With more than a century of Antarctic scientific observations and research enabled by ever-improving technology, we now know that Antarctica is the engine room of global climate. In its deep ice it holds a detailed record of past climate that could be more than one million years old.
The coldest, driest, windiest continent, surrounded by the Southern Ocean, has a profound impact on weather and climate in Australia, other southern hemisphere countries, and the world.
Antarctica’s influence on Earth
The Antarctic Circumpolar Current (ACC) is the world’s biggest current, linking the Indian, Pacific and Atlantic Oceans as it flows from west to east around Antarctica. This current forces deep ocean water to rise to the surface in the Antarctic, where heat and carbon dioxide are exchanged with the atmosphere.
The Antarctic katabatic winds blow onto open patches of ocean water among the sea ice (polynyas), producing more sea ice and make the surface water saltier, colder and heavier. This water then sinks to the abyssal depths, producing Antarctic Bottom Water.
The upwelling deep ocean water and sinking Antarctic Bottom Water — linked to the rest of the world by the ACC — generate the global deep ocean overturning circulation. This is a great oceanic conveyor belt that moves ocean water, carbon, oxygen, and nutrients around the planet.
Research over the past three decades has shown that the Southern Ocean is warming and freshening and that the warming is having direct impacts on floating ice shelves fringing the continent. Even though the loss of floating ice doesn’t directly affect sea level rise, it does reduce these ice shelves’ ability to buffer the flow of ice from the inland.
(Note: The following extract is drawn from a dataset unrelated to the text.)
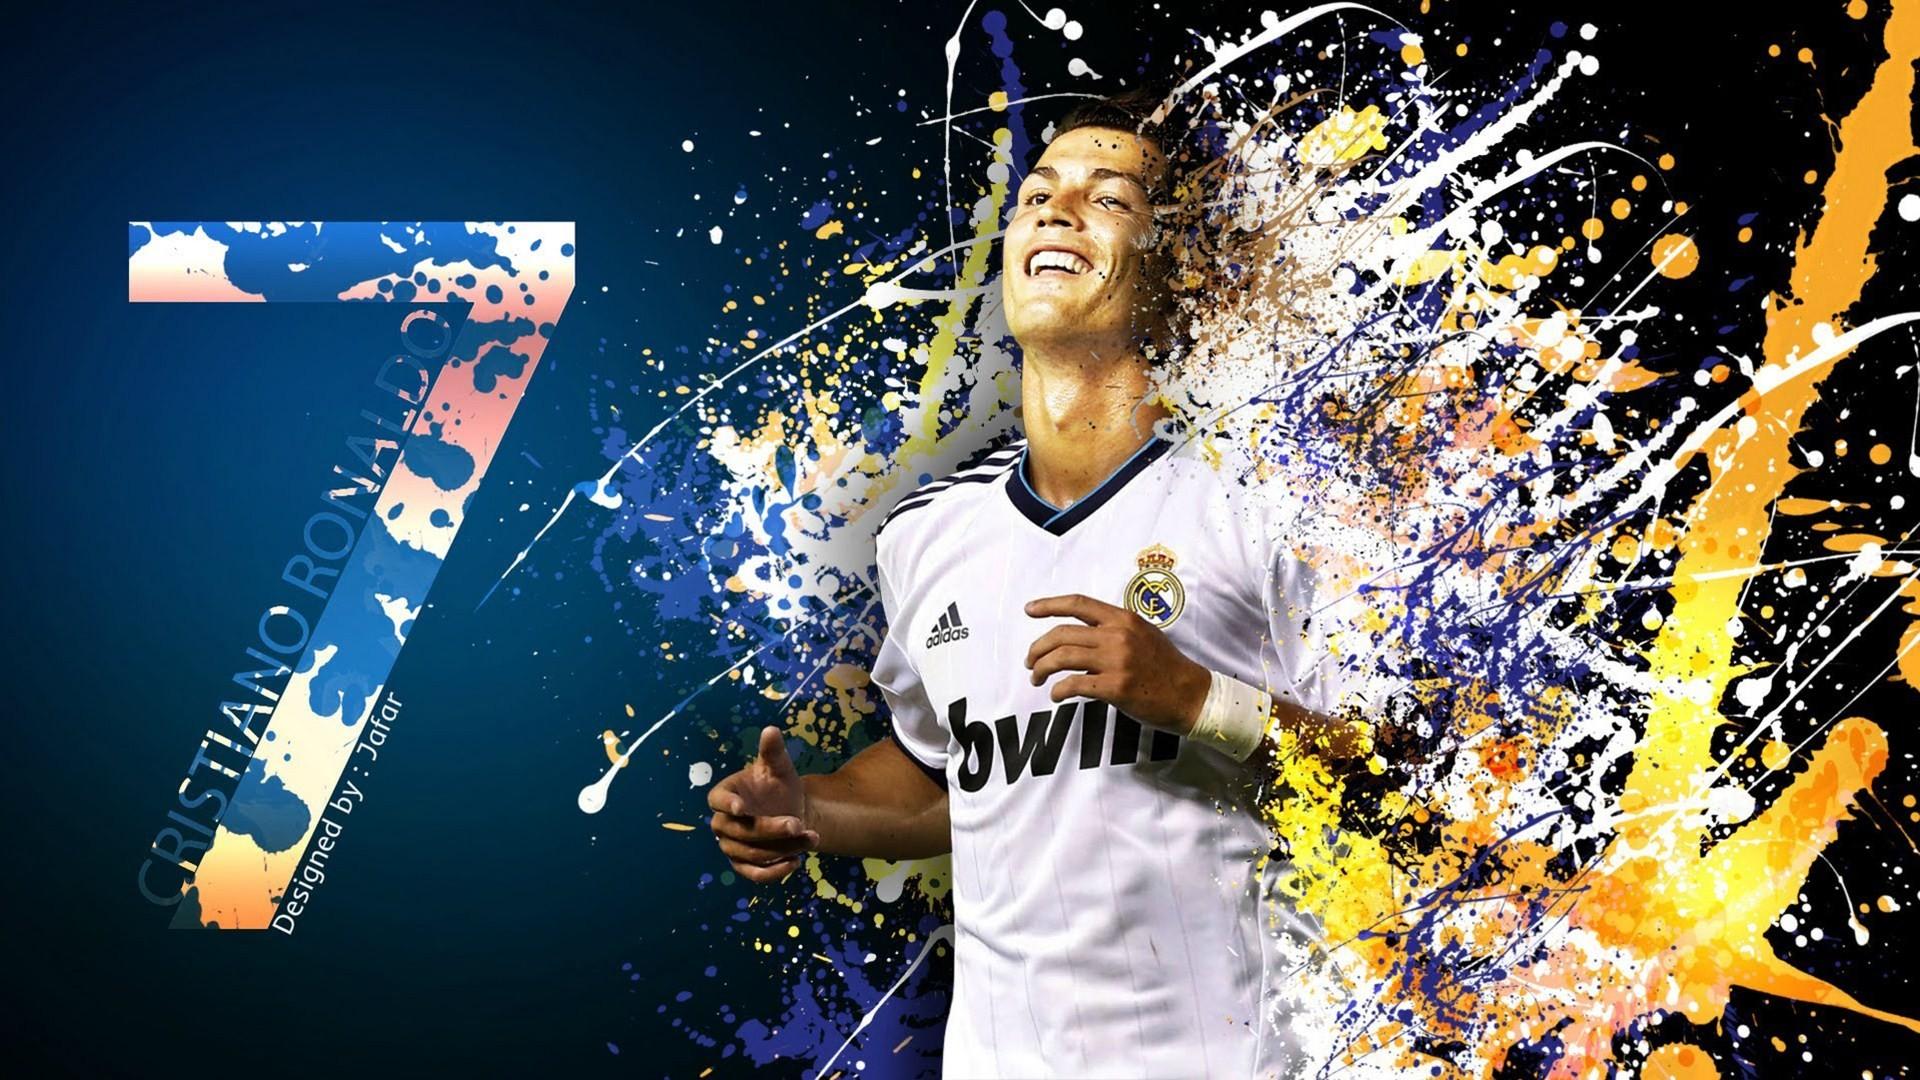 Pin by ShirtsHeaven on Christiano Ronaldo   Pinterest   Messi and Ronaldo

This contributes to the melting of glaciers at their grounding line on the ocean floor.
Antarctica’s contribution to global sea level rise has increased significantly in the past two decades. Recent research has also revealed that much of the ice sheet in East Antarctica is grounded below sea level. This means its vast stores of ice are much more vulnerable to ocean warming than we assumed in the past.
The Southern Ocean also plays a major role in buffering the planet from climate change by storing a large proportion of the extra heat that human activity has added the additional atmospheric carbon dioxide.
Antarctica is also home to one of Earth’s largest natural phenomena: the annual growth and decay of Antarctic sea-ice. The annual maximum area of Antarctic sea ice (in the austral spring) is around 19 million square kilometres, and the minimum (in the austral autumn) is around three million square kilometres. Sea ice is an important part of the climate system and a critical component of Southern Ocean marine ecosystems.
The Antarctic sea ice zone is changing. There are estimates that the extent of sea ice has reduced by up to 40 per cent since the 1940s. Significant regional changes, some positive, some negative, have been recorded in recent decades.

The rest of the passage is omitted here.